In the entries that follow, the first line to write out is the one containing "Close up of", and the last is the one containing "VERY RARE GREEK". Reproduce that stretch exactly, with nothing before or after it.

▶ RECORD EXTRACTS:
• • • •
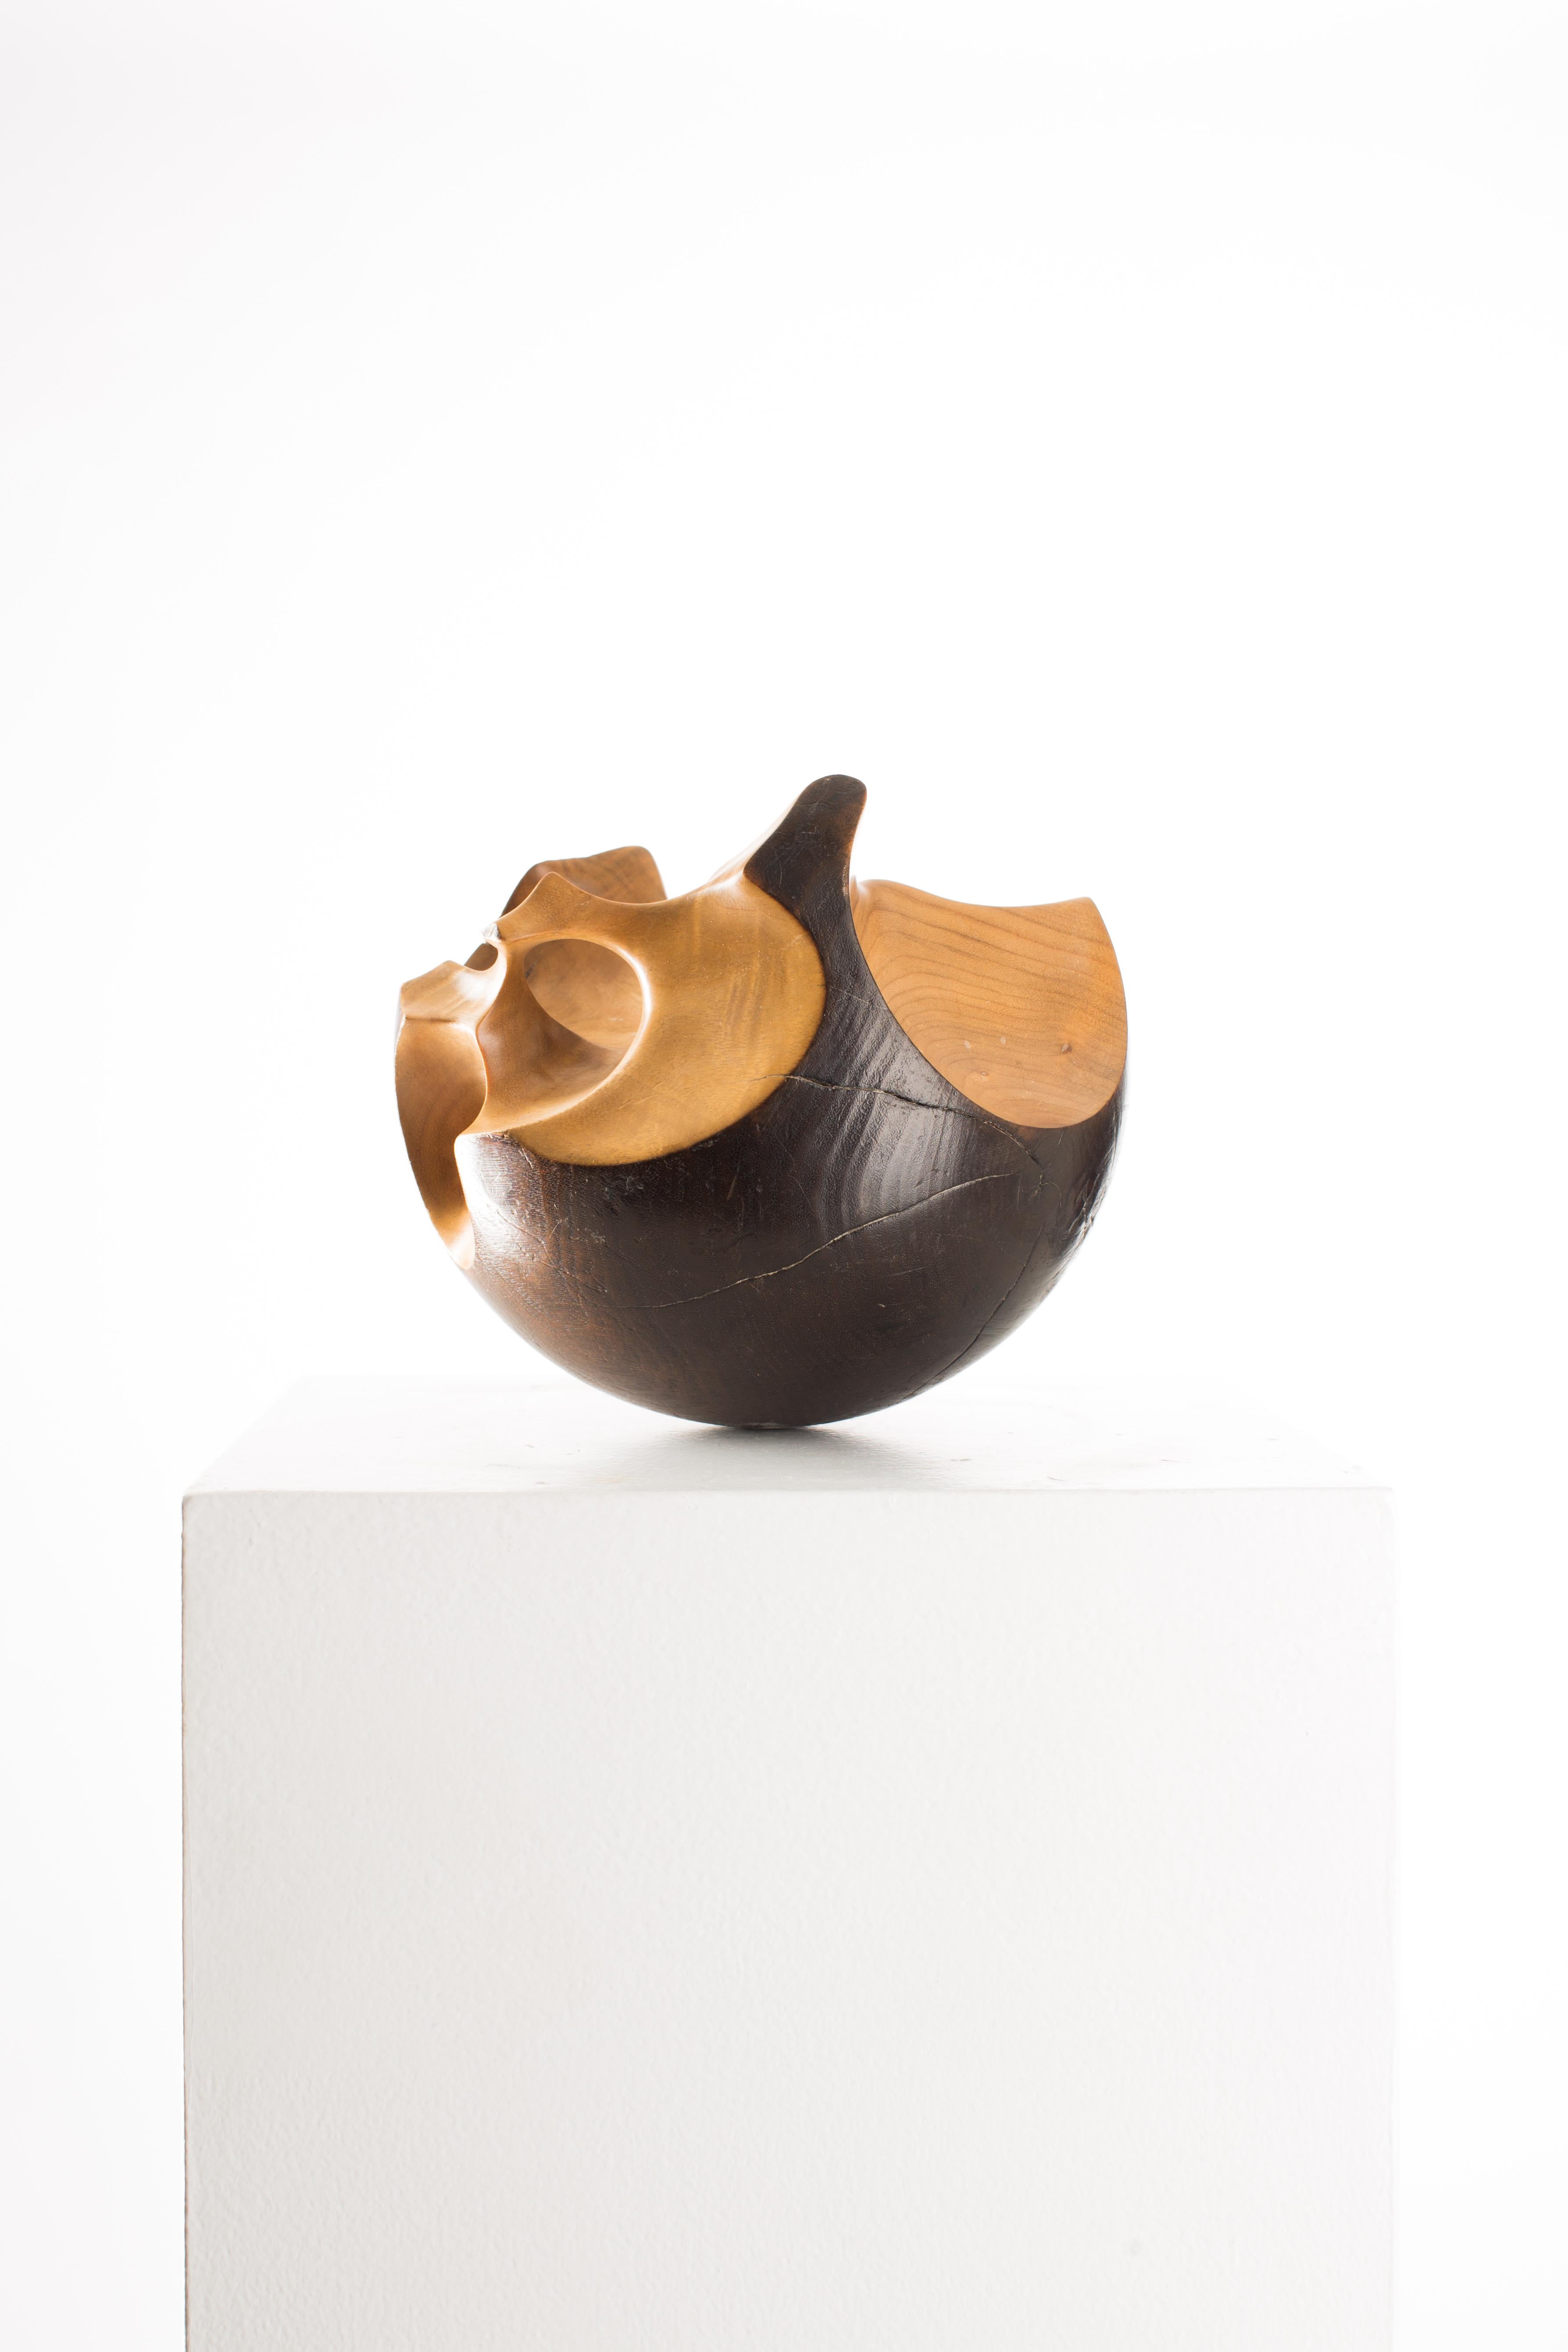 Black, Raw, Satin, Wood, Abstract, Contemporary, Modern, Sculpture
• • • •
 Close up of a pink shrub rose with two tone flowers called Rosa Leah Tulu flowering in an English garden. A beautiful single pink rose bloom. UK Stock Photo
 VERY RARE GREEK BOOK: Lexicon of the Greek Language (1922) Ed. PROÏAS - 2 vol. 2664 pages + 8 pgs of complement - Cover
• • • •
▶ EXERCISE SOLUTION:
 Close up of a pink shrub rose with two tone flowers called Rosa Leah Tulu flowering in an English garden. A beautiful single pink rose bloom. UK Stock Photo
 VERY RARE GREEK BOOK: Lexicon of the Greek Language (1922) Ed. PROÏAS - 2 vol. 2664 pages + 8 pgs of complement - Cover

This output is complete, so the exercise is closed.